Тогда они не успели проверить эту теорию, потому что стоило им, щурясь на дневной свет, выйти из дверей кинотеатра, как Венькина тетка ухватила его за ухо и увела домой, приговаривая: «Я тебе покажу, как на двухсерийные ходить».
Теперь же Тимошино опоздание было вполне достаточным и, может, ругать его и не будут,
Улочка перед домом была уже чисто вымыта, и над нагревшимся асфальтом стлались прозрачные полосы пара. Тимоша осторожно выглянул из дверей — все было тихо. Надвинув на глаза желтенькую кепочку, он вышел на крыльцо и, задрав голову, попытался определить по солнцу, куда ему нужно идти. Солнце ничего ему не подсказало, только нагрело задранный нос так сильно, что он чихнул. Герои всех книг и кинофильмов очень легко ориентировались по солнцу и звездам, и Тимоша считал это главным делом — стоит только поглядеть — и все станет ясно.
«Ничего, — подумал он. — Все равно этот зверский докторский остров не может быть больше озера, а озеро не такое уж большое. Нужно только дойти до берега и идти по нему по кругу — может, там найдется лодка, или катер, или хотя бы спасательный круг — что-нибудь, на чем можно уплыть домой».
Перед самым домом стоял столбик со стрелкой, сделанной из стеклянных трубок и указывающий налево. Тимоша поглядел на нее и на всякий случай пошел направо. Улочка вскоре кончилась, и он очутился на большом проспекте, по которому густым потоком катились в обе стороны машины и автобусы в два этажа. Людей было немного, и все они шли с очень озабоченными и серьезными лицами, точно спешили по важным делам. Почти никто не разговаривал друг с другом. Тимоша тоже выглядел достаточно унылым, чтобы не обращать на себя внимания. Все же спросить, как добраться до берега, он не решался — а вдруг догадаются. Но в это время, на его счастье, к тротуару подъехал автобус с дощечкой, на которой было написано «Центр — Пляж».
«Пляж! — это же как раз то, что мне нужно».
В автобусе Тимоша немедленно взобрался на второй этаж и приник к окну.

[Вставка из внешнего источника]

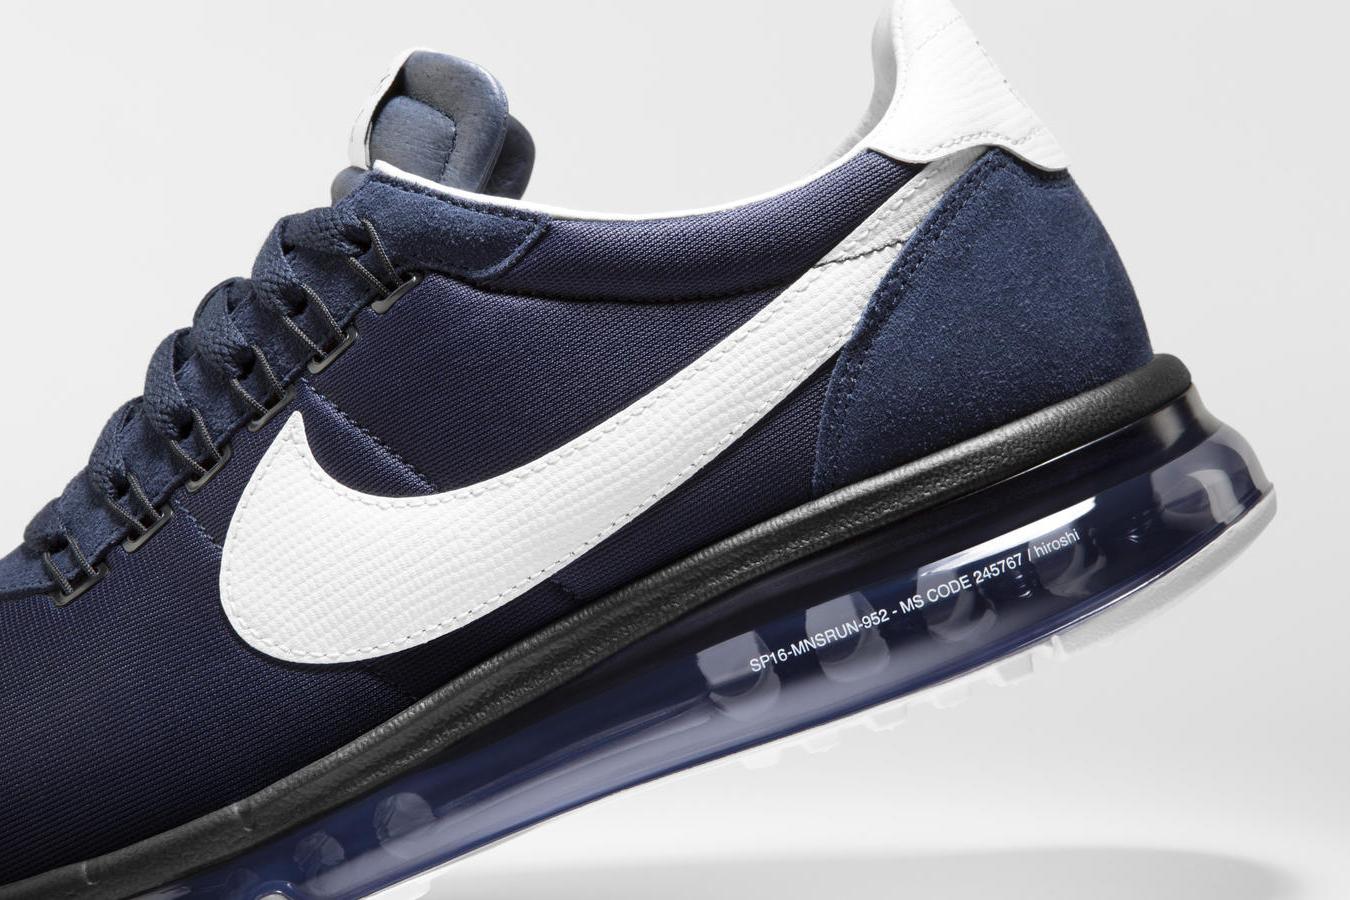 cf2e4fa2f44f7 Hiroshi Fujiwara Designed A New Shoe For Air Max Day – Vintage Media ...

Пестрые ленты разноцветных и блестящих, как облизанное монпансье, машин скользили внизу, загибались на поворотах, уползали под зеленые шапки деревьев; прямо на уровне лица проплывали гигантские буквы реклам и вывесок, светофоры и фонари, маляр, подвешенный в специальной клетке, цветы на подоконниках, голуби, расхаживающие по перилам балконов. Проспект кончился, потянулись черепичные крыши одноэтажных домиков, красневшие в зелени садов, аккуратные прямоугольники огородов. Повсюду текла такая мирная и спокойная жизнь, что Тимоша на какое-то мгновенье даже пожалел, что он отказался от такого же домика (аллея восемь, комната три), от ванны и телефона. Потом за деревьями замелькали флаги, разноцветные зонтики и навесы, сверкнул кусочек озера, сердце у него забилось, он оторвался от окна и, невежливо расталкивая пассажиров, кинулся вниз к мягко открывшимся дверям.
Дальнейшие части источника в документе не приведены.